One more catch, you can't use filtering with global tables, your filter will not be evaluated and your function will not be called. Confirmed with aws support.

Thanks for pointing that out.

How much does it cost?

Nothing.

There is no information about any additional pricing. Also, Jeremy Daly confirmed that during re:Invent 2021.

In reality, this functionality saves you money on maintenance because it's easier to write & debug Lambda code, and on operations, as functions are executed only responding to business relevant events.

Low coupling

Before the update, people implemented event filtering logic in a single Lambda function. Thus, struggling from high coupling (unless they utilized some kind of dispatcher pattern).

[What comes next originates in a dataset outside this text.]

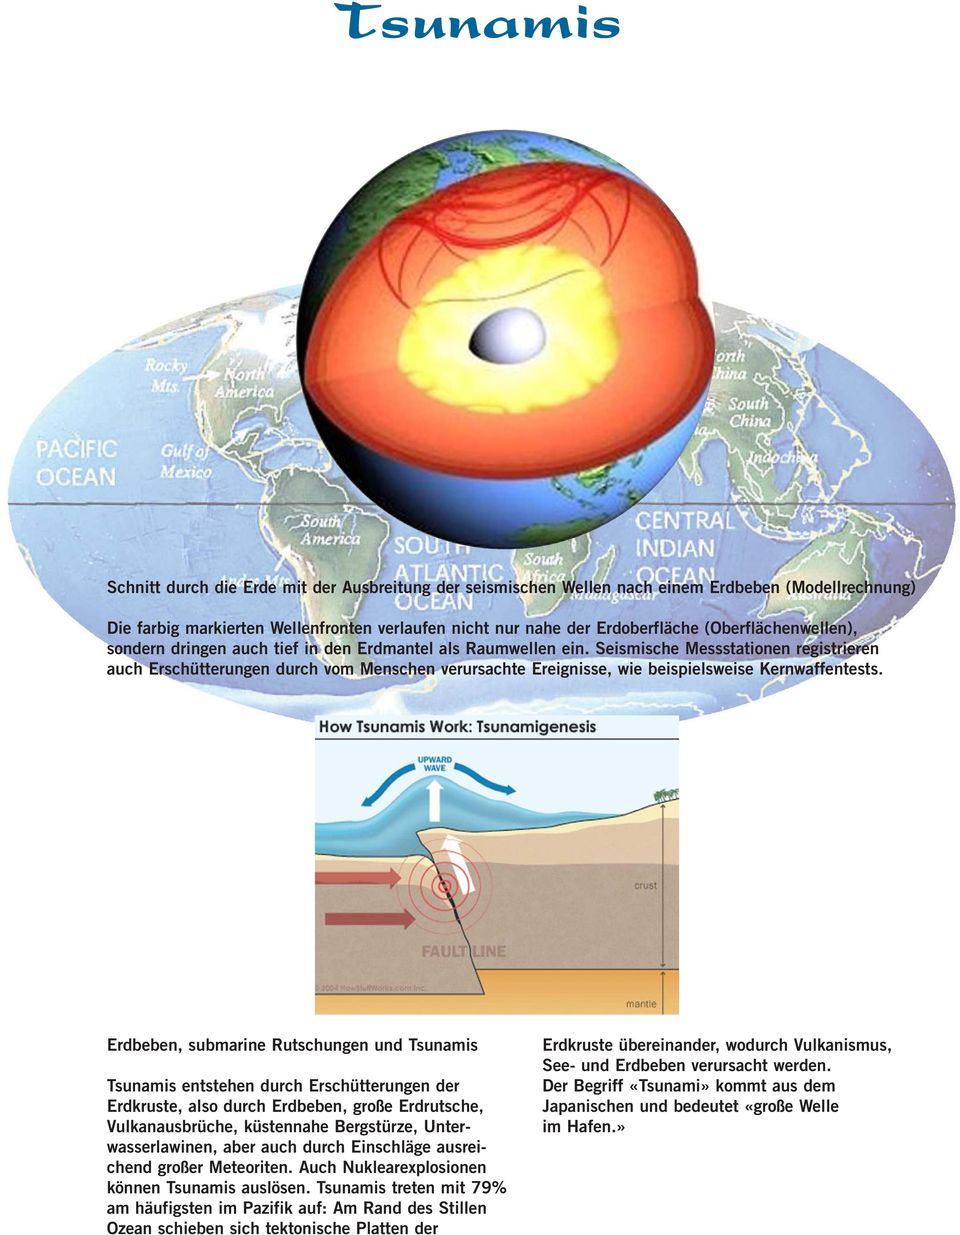 Seismische Messstationen registrieren auch Erschütterungen durch vom Menschen verursachte Ereignisse, wie beispielsweise Kernwaffentests.
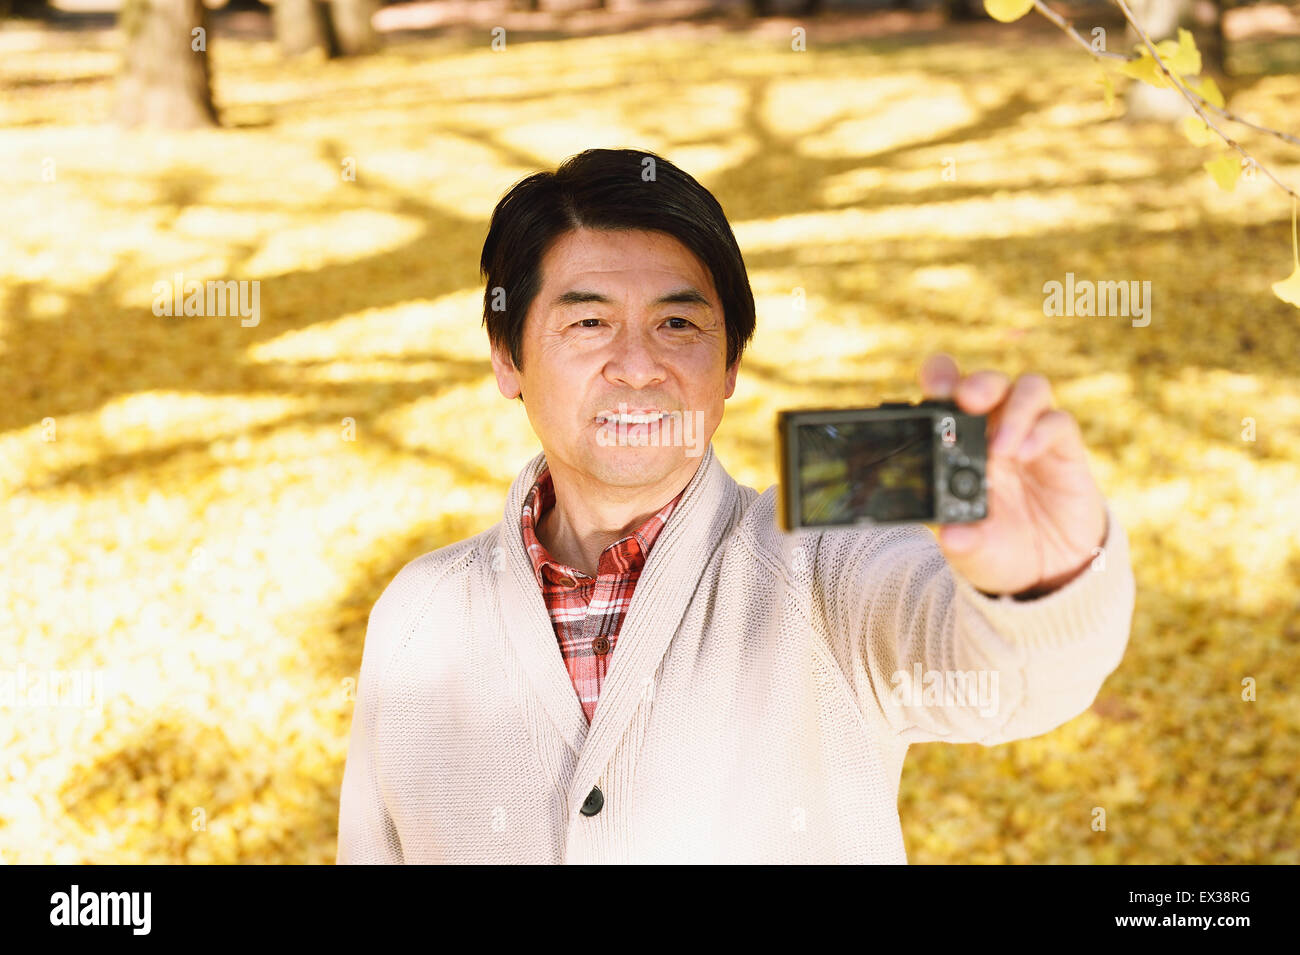 Senior hombre teniendo un selfie japonés en un parque de la ciudad en otoño Foto de stock

Now, we can have several independent Lambda functions, each with its filter criteria, attached to the same DynamoDB Stream. That results in lower coupling between code that handles different event types. This will be very much appreciated by all single-table design practitioners.

Update

I forgot to mention that you can do more than just evaluate string equals condition in the filter. There are more possibilities, delivered by several comparison operators.

Here is a table stolen borrowed from AWS Docs (If it's not OK to included it here please let me know.):

Comparison operatorExampleRule syntax
Null UserID is null "UserID": [ null ]
Empty LastName is empty "LastName": [""]
Equals Name is "Alice" "Name": [ "Alice" ]
And Location is "New York" and Day is "Monday" "Location": [ "New York" ], "Day": ["Monday"]
Or PaymentType is "Credit" or "Debit" "PaymentType": [ "Credit", "Debit"]
Not Weather is anything but "Raining" "Weather": [ { "anything-but": [ "Raining" ] } ]
Numeric (equals) Price is 100 "Price": [ { "numeric": [ "=", 100 ] } ]
Numeric (range) Price is more than 10, and less than or equal to 20 "Price": [ { "numeric": [ ">", 10, "<=", 20 ] } ]
Exists ProductName exists "ProductName": [ { "exists": true } ]
Does not exist ProductName does not exist "ProductName": [ { "exists": false } ]
Begins with Region is in the US "Region": [ {"prefix": "us-" } ]

Summary

I hope this short article convinced you to refactor your Lambda functions that are invoked by DynamoDB Streams. It's really simple and makes a huge difference in terms of code clarity and costs.